Mineral water bottling plant at Silent Valley shut down

Under pressure from environmentalists, the Forest Department, and the tribespeople living in the buffer zone of the Silent Valley National Park, the Palakkad district administration has issued an order closing down a mineral water bottling plant at Kallamala, near Mukkali. The plant has been functioning for the past one year flouting rules.

The order issued by Palakkad Collector P. Marikutty said the proceedings were in accordance with the Kerala High Court order issued during last November directing the district administration to decide on the future of J&J Mineral Water Company.

It is located in the buffer zone of the Silent Valley and marketed packaged drinking water and soda bottles under the brand Silent Valley. A copy of the order accessed by The Hindu said the decision was based on reports from the Silent Valley Wildlife Warden and project officer of the Integrated Tribal Development Programme in Attappady.

The Forest Department had argued that the plant was within 10-km radius of the Silent Valley National Park, which goes against the Union government’s declaration of eco-sensitive zones around national parks and wildlife sanctuaries.

The bottling plant also comprised a plastic pet bottle manufacturing unit that can pollute the pristine environment.

The Groundwater Department had contended that the plant would affect the drinking water situation in the region by overexploiting groundwater resources.

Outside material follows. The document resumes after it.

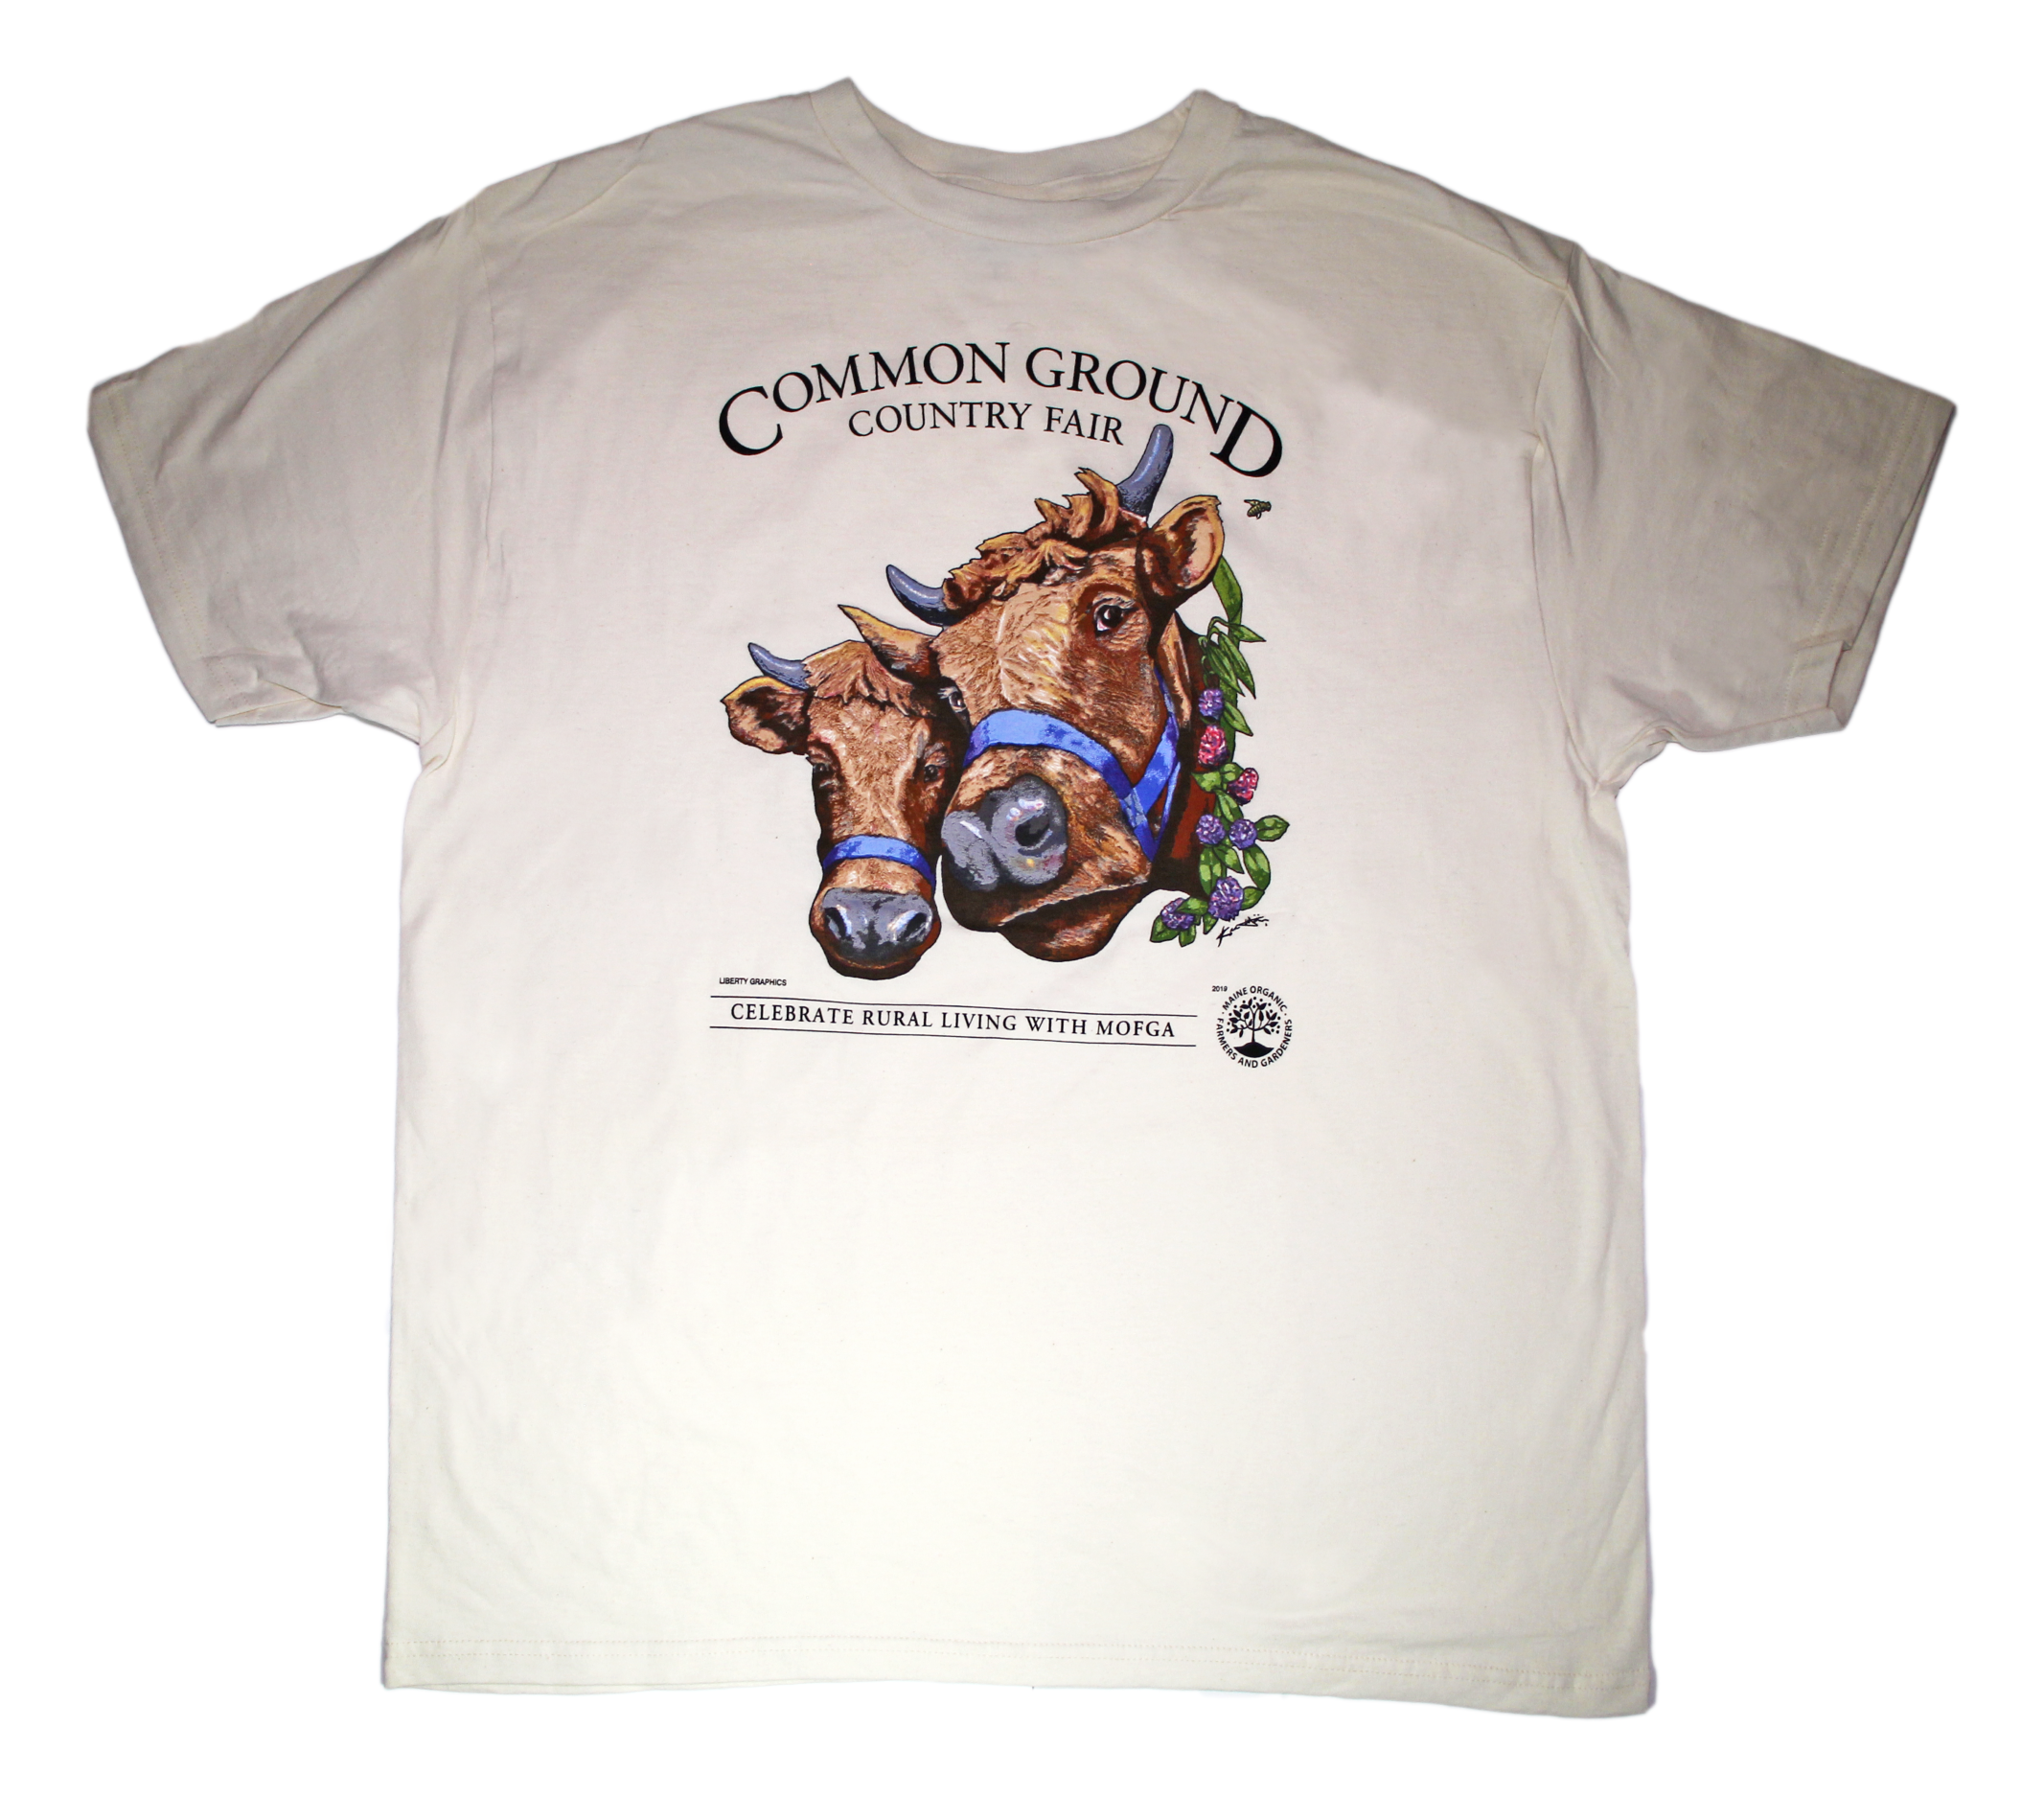 A white shirt with artwork in the center depicting the heads of two shaggy brown cows with horns, wearing blue halters. On the right side of one cow is a viney wreath with small clusters of purple and blush flowers. Black text around art reads “Common Ground Country Fair '' and  “Celebrate Rural Living with MOFGA”. A black MOFGA logo is in the bottom right corner.

The decision also reflects collective opinion of the SC/ST Department, Pollution Control Board, Industrial Department, and the local grama panchayat.

The local grama panchayat said the company was causing drinking water scarcity in adjoining tribal settlements.

Collective effort

P.S. Panicker of environmental organisation Jana Jagratha, which took up the case to the High Court, said the decision was the culmination of a collective movement against the company that was causing alarming depletion of groundwater resources in the environmentally sensitive region.

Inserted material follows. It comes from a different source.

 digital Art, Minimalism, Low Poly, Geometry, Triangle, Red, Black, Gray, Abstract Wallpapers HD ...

When the proposal was made some years ago, the government and the district administration had raised objections with the District Collector submitting a report that the plant, planned on the banks of the Karuvarathode, a tributary of the Bhavani, near Mukkali, would affect the water table and cause serious ecological imbalance.

“Protecting the Silent Valley is the utmost priority of the government. No commercial interest will be allowed to take precedence over it,” the then Forest Minister Benoy Viswom had said, opposing the move.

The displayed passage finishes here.